The annual Cannes Lions Festival of Creativity is good for more than sunburnt croissants and special parties. Since its inception, it has been the go-to place for marketers and advertisers to discuss industry issues and plan for the future—all in one jar.
But after two years of pandemic lockdowns, Russia’s invasion of Ukraine, an imminent economic downturn and other social uncertainties (Greenpeace blocked the croissant with a fire truck right outside the Palais yesterday morning in a bid to strengthen the advertising industry’s ties with fossil fuel companies). and a previous Cannes Lion winner took the stage to return the award she won working on campaigns for airlines and auto companies), marketers and advertisers at this year’s convention say they should. The more answers to the big questions, the greater the certainty expected among their peers.
“I love Cannes,” said Andrea Mallard, CMO of Pinterest. “But what I noticed is that there aren’t many brands that have a clear vision, which surprised me.”
It’s worth noting that the industry hasn’t had an opportunity to come together physically in the last two years in hopes of reaching an agreement in the near future. Much of that is back this year with machinations, pageantry and shallow talk. However, the core of the festival seems to be that marketers want more and are wondering if the hype is still worth it.
And after a four-day festival in the south of France, marketers say they may go home with more questions than answers this year. especially when no one seems to agree on what the metaverse is and isn’t, or how to monetize it; Economists are unsure when, if not when, the market will bottom; And the cookie write-off schedule is more difficult. That means the market is shrouded in uncertainty, but marketers still need solutions for everything from advertising measurements to customer data. To be fair, publishers appear to be in a similar position.
“We come back, there is also an issue, there are still some uncertainties. How are you looking forward to 2023?” asked Khurram Malik, Head of Advertising Business Marketing at Spotify. “It’s a sense of humility to see what your peers are thinking instead of coming at everyone and thinking all the answers are, I know what’s going to happen next year.”
Malik said he went to this year’s Cannes with more pragmatism and deliberately sparked many discussions with marketers about measurement as digital audio development continues to accelerate and access to data becomes more important.
But what’s been called sneaky detox, Mallard says, may actually be toothless. “People spent money. people have great things.

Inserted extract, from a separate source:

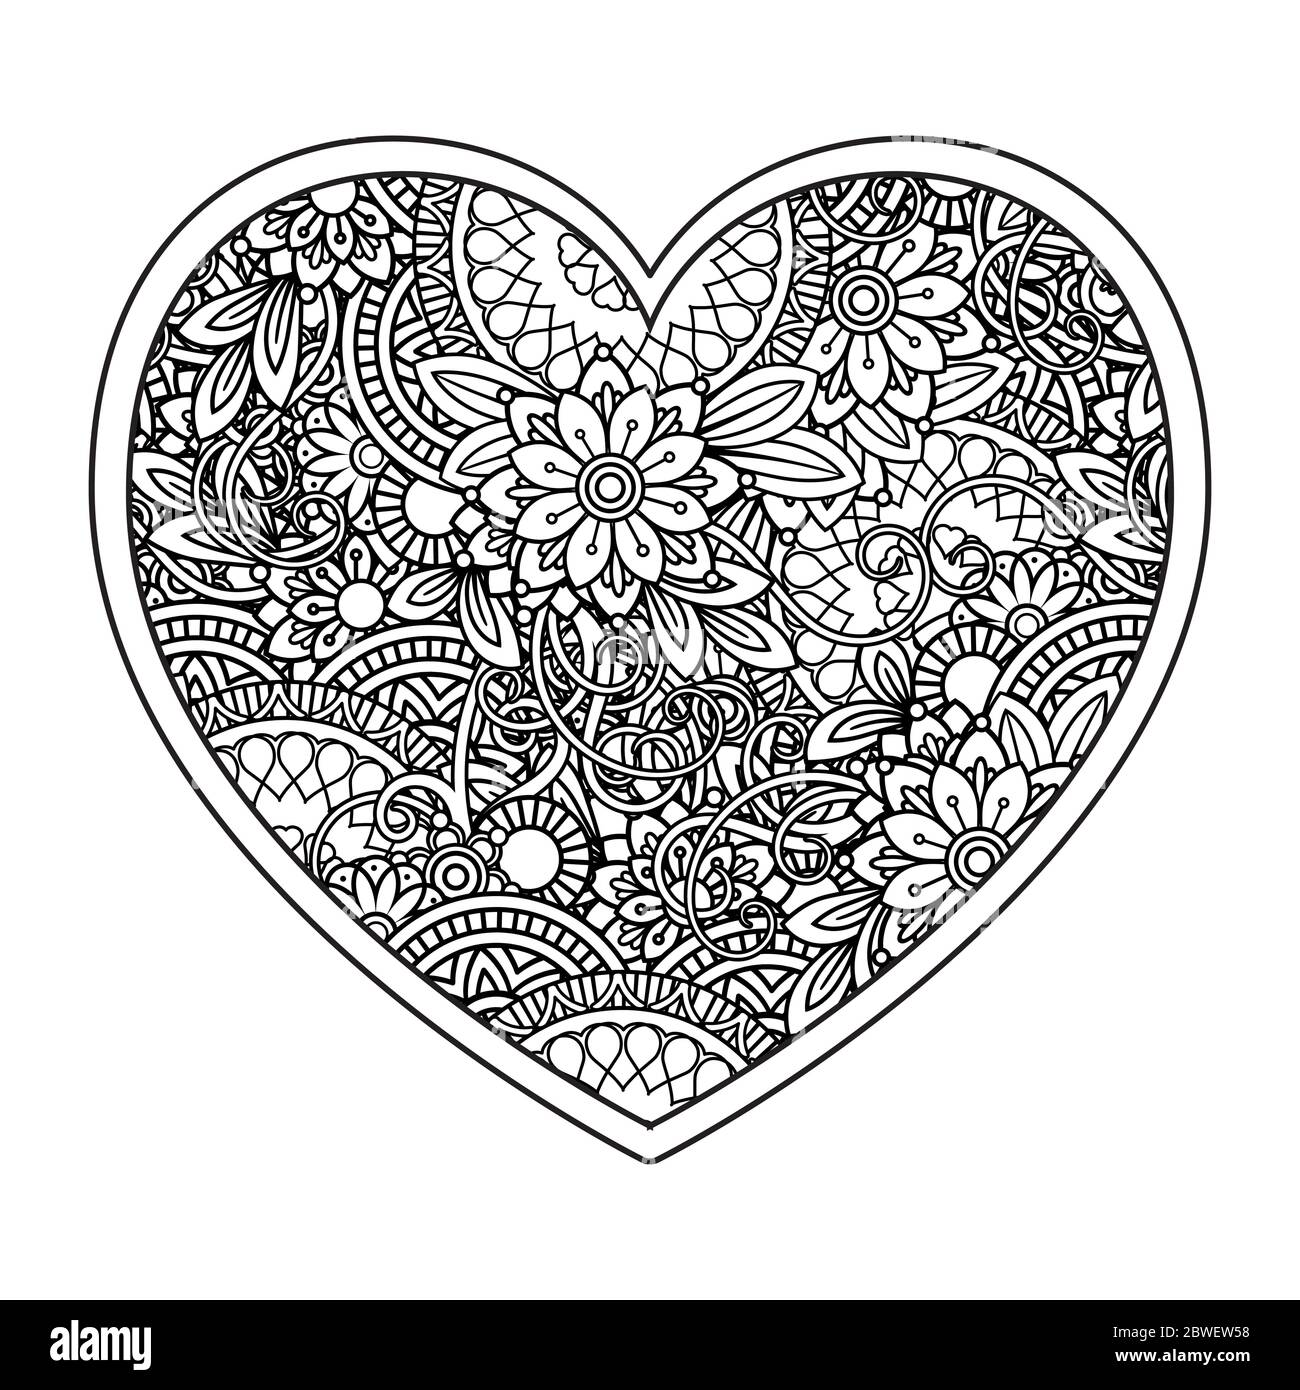 Heart with floral pattern. Valentines day adult coloring page. Vector illustration. Isolated on white background Stock Vector

Fancy people come to people to do fancy things. I don’t want to be so critical. But I want us to talk,” she said.
It’s not that there aren’t any talks going on. At the Palace and on the Beaches, this year’s hot topics touched on things like sustainability, Web 3, brand purpose and diversity. But these conversations, which tend to be superficial, come at a time when marketers have had to break their playbooks and start over. The work of recent years has made the superficiality of the conversation all the more obvious and trivial.
For an industry that doesn’t have much humility, Cannes has been a lot more humble this year, having for the past two years been telling marketers what they know — or assuring themselves they know — much humbler, Lenny Stern, co- Founder of the advertising agency SS+K and Co-President of the US advertising agency M&C Saatchi. “People are like, I’m not sure. I thought I’d put all the chips here [now] I have to distribute it,” he said.
Marketers say that these last few festivals, with all the talk and initiatives that have taken place about the Metaverse, have increased doubts about the virtual world. And this is in addition to exploring new ways to use data in light of privacy initiatives, ranging from diversifying media spending to keeping pace with rapidly changing consumer habits.
“People are scared because it’s vague and people don’t know yet. But that’s exactly when you should speak up,” said Mallard of Pinterest. “What are the dangers for brands, creators [and] We are all excited to learn more about humanity through some of these technologies. Less spectacle and more substance from people. ,
Still, it’s worth noting for some in the industry that ten years ago there weren’t any talks about the future of technology, things like DE&I and channel diversification. “People focus on that. Now the question is, are we making progress?” Stern said.
As this year’s event wraps up, Spotify scraps its stage, attendees pack up for flights home and the rain cools the croissant, it looks like eyes are already on Cannes 2023, where the industry is expecting less talk and more action can.